One of the fundamental problems of distributed computing that tolerates errors is the problem of the Byzantine agreement. The Byzantine agreement requires a group of parties to agree on a value in a dispersed environment, even if some of the parties are corrupt. The aim is to automate the analysis of the ABBA protocol using the methodology established in our previous paper [KNS01a] on the basis of [MQS00]. In [KNS01a], we used Cadence SMV and probabilistic model tester PRISM to test the simpler randomised MOU for Aspnes and Herlihy [AH90] which only tolerates benign shutdown errors. We achieved this through a combination of mechanical inductive proofs (for all n for non-probabilistic properties) and tests (on finished configurations with probabilistic properties) and high-quality manual proof. However, the ABBA protocol revealed a number of difficulties that were not encountered earlier: it should be stressed that we cannot automate the last inductive argument, as it is likely that the SMV cadence cannot handle likely probability, while PRISM can only deal with finite configurations and does not support data reduction. Instead, we validate the probabilistic analysis as follows. By observing that the problem can be reduced for a modeling test of a finite state analysis of the protocol, we manually construct an abstraction and model test with PRISM, which allows to validate the probabilities for No. 20 parts. In addition, we check (for a finite configuration) the accuracy of the abstraction with the CSP process algae [Ros97] and the method-based FDR tool in [KNS01a]; it depends on the ability to code probabilities in action names and therefore excludes the use of Cadence SMV.
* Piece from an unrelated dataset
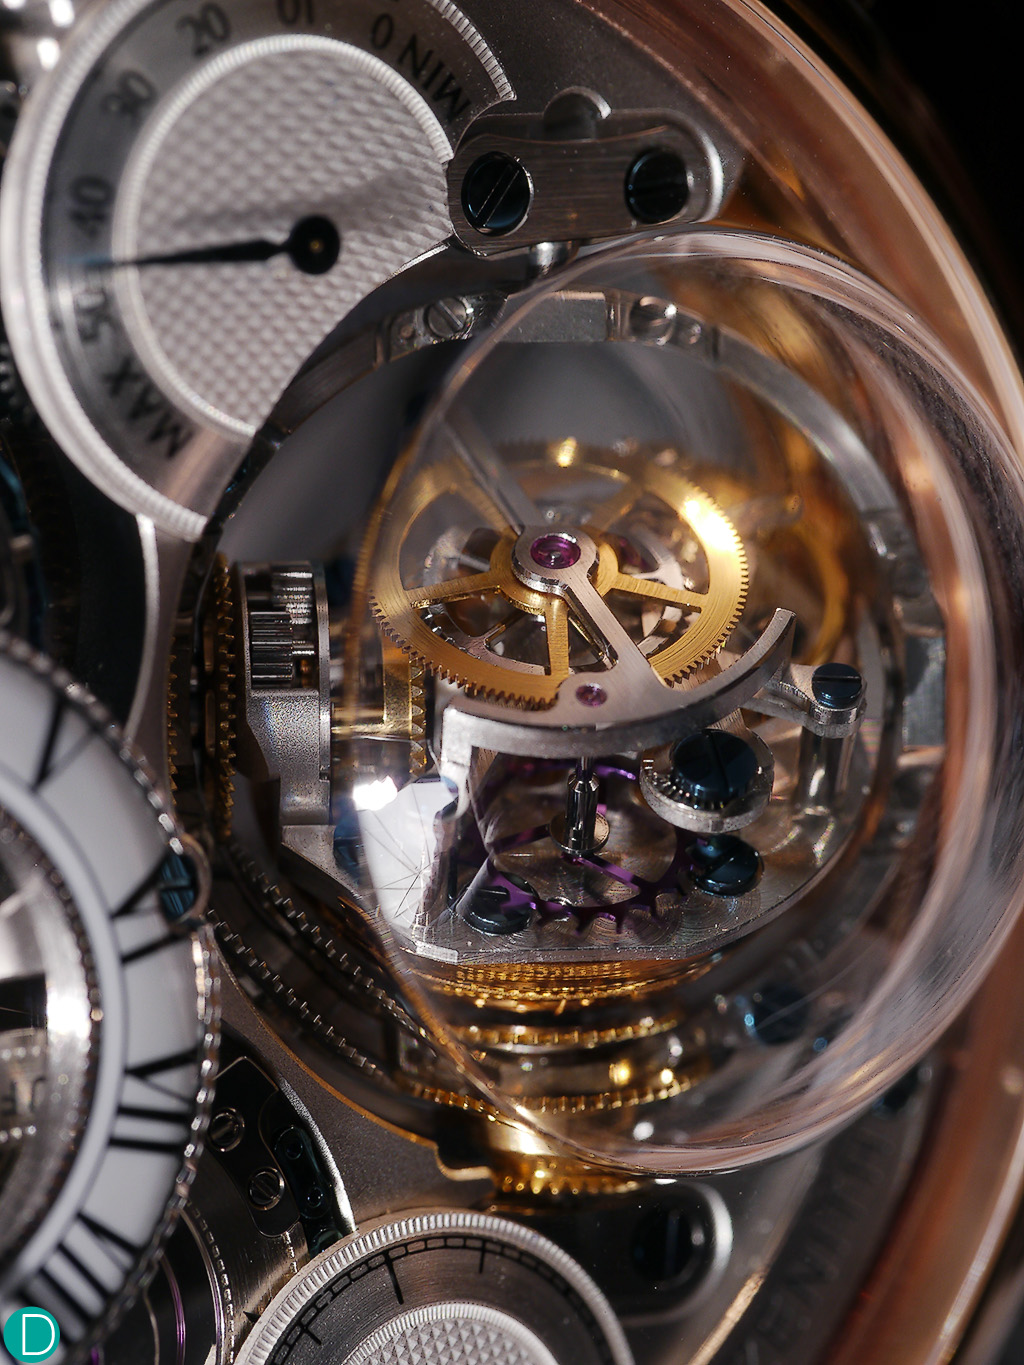 The gymbal system, which Zenith calls the gyroscope allows the escapement to keep a horizontal position regardless of the position of the case.
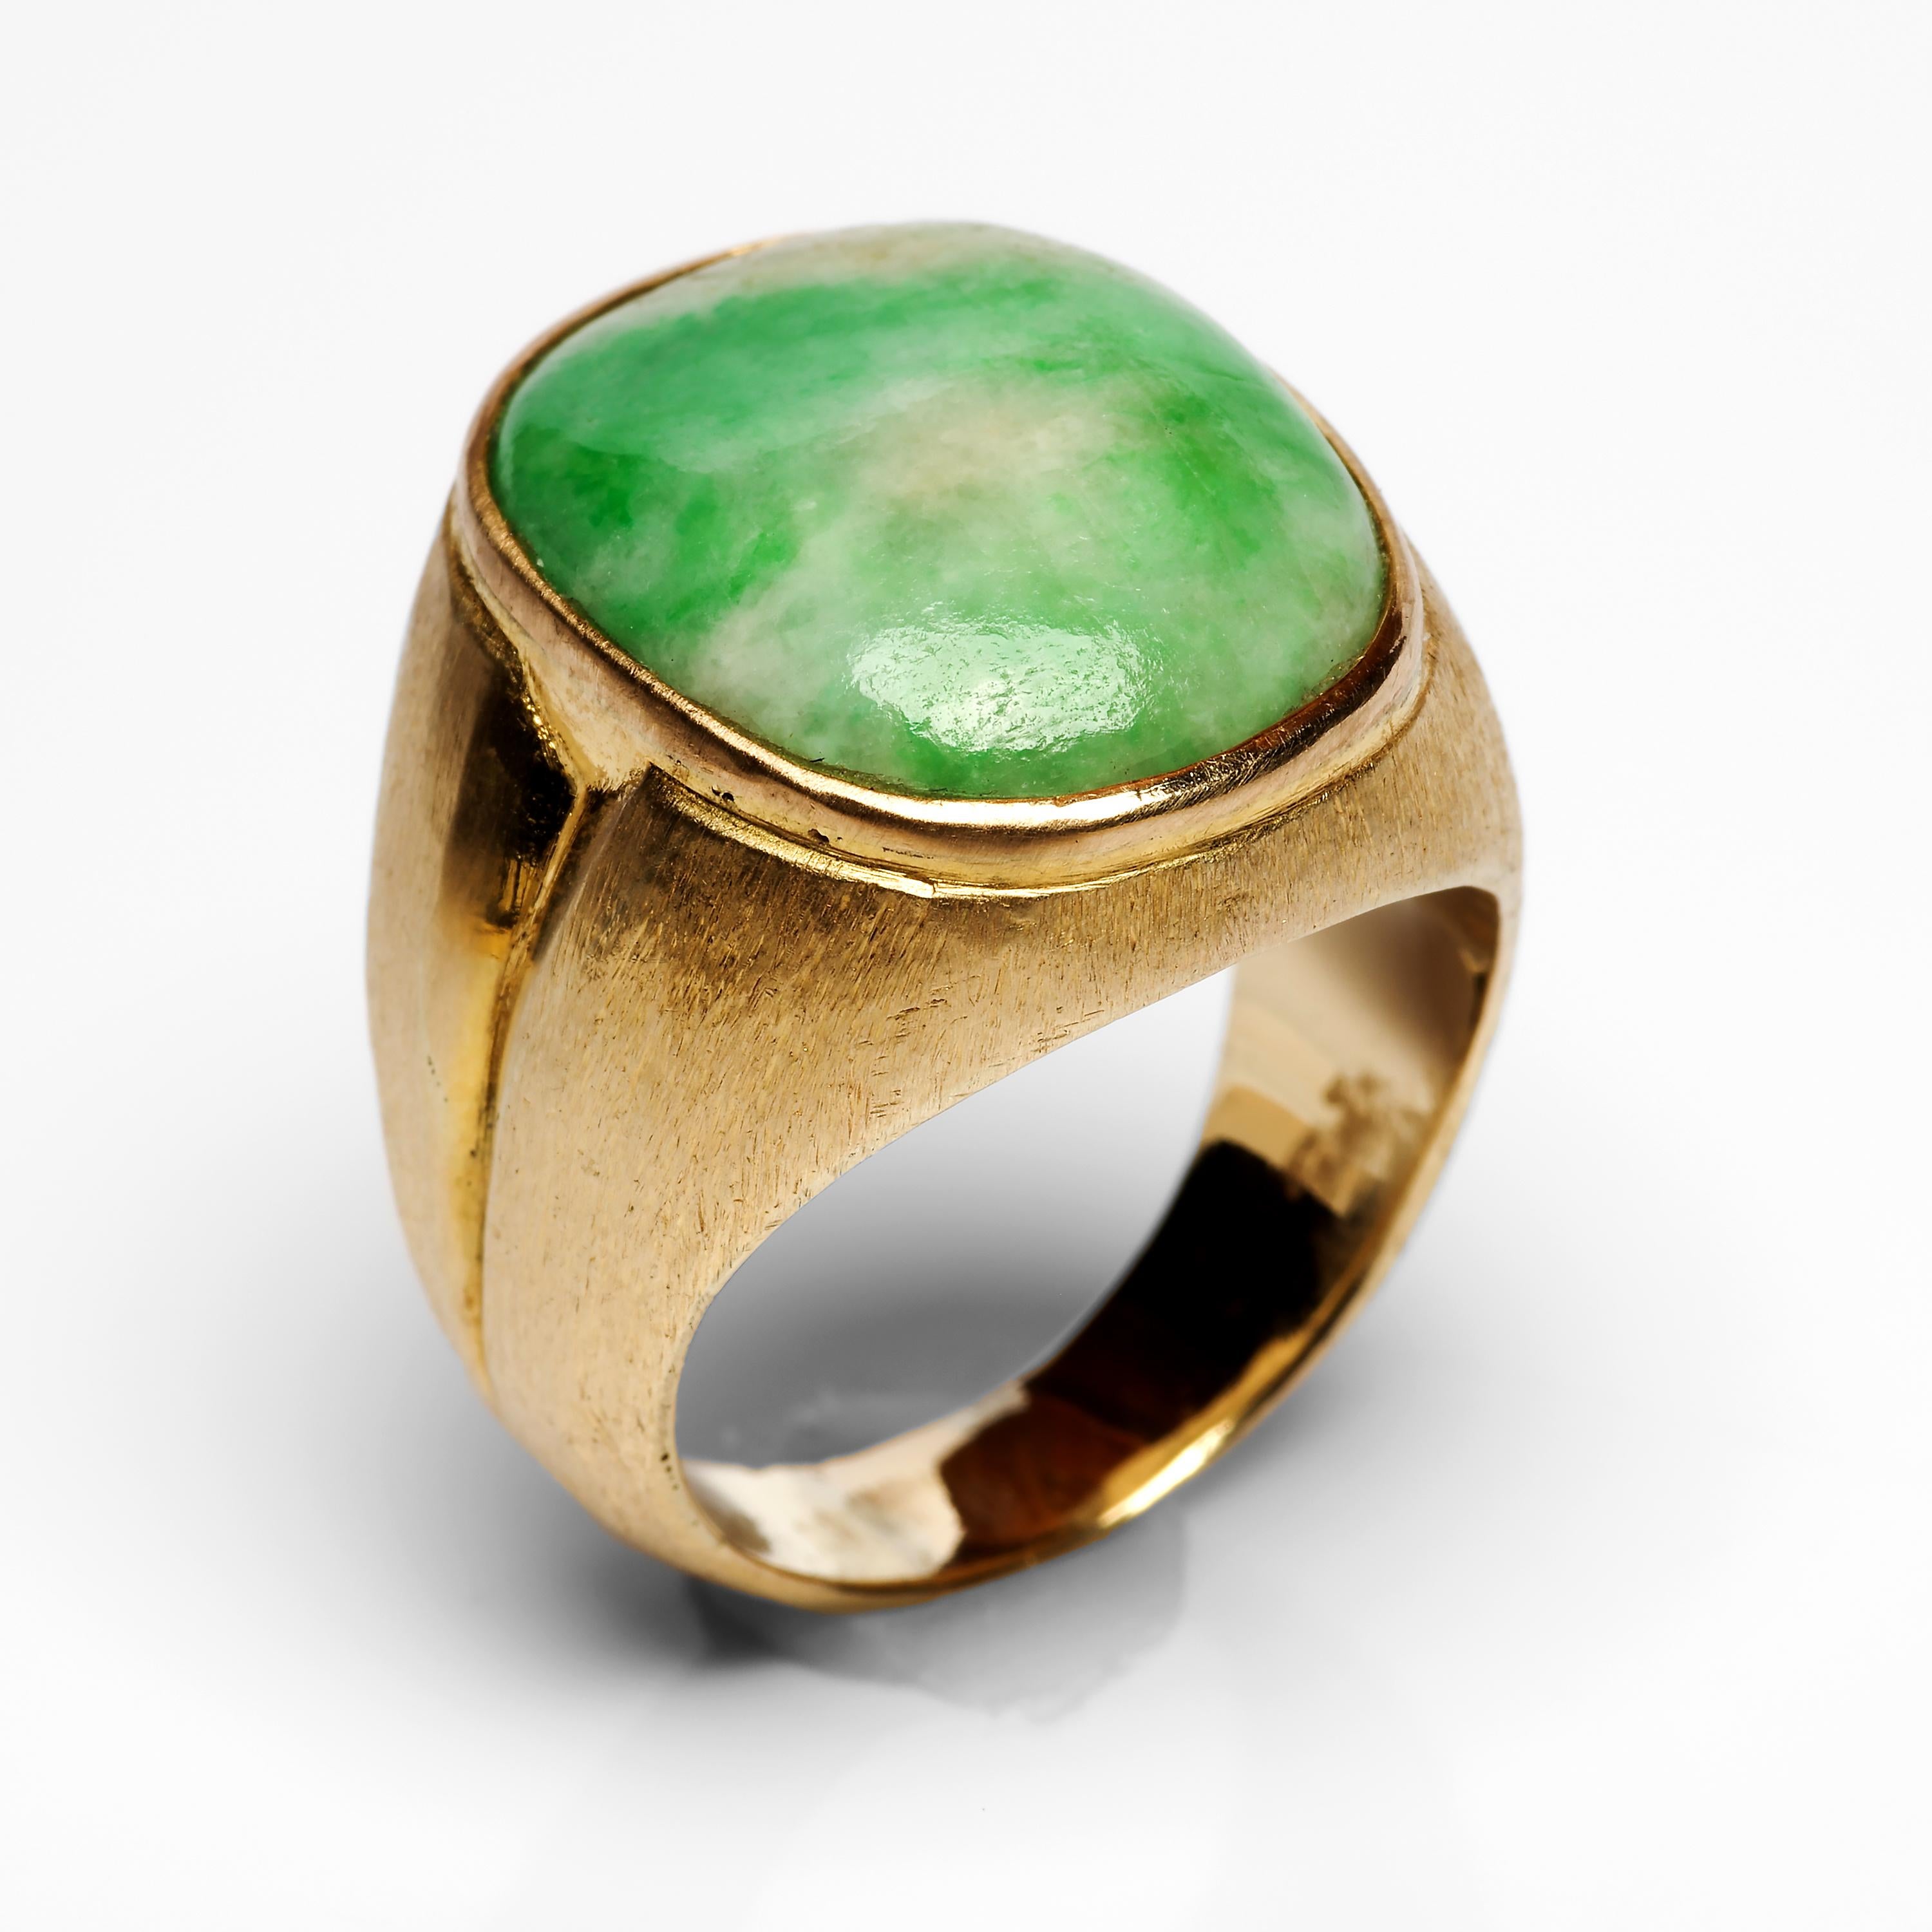 This extraordinary ring features a large (19.4mm x 15.5mm) cabochon of natural and untreated white and green jadeite jade known as

A randomized protocol uses random attribution, z.B. electronic stoltosing, and its termination is therefore likely. The terms of a randomized contract are: We consider the randomized Byzantine Memorandum of Understanding ABBA (Asynchronous Binary Byzantine Agreement) of Cachin, Kursawe and Shoup [CKS00], which is placed in a completely asynchronous environment that allows the maximum number of corrupted parts and uses cryptography and randomization. There are n parties, an opponent who cannot corrupt as many of them as much as possible (t < n/3) and a trusted dealer.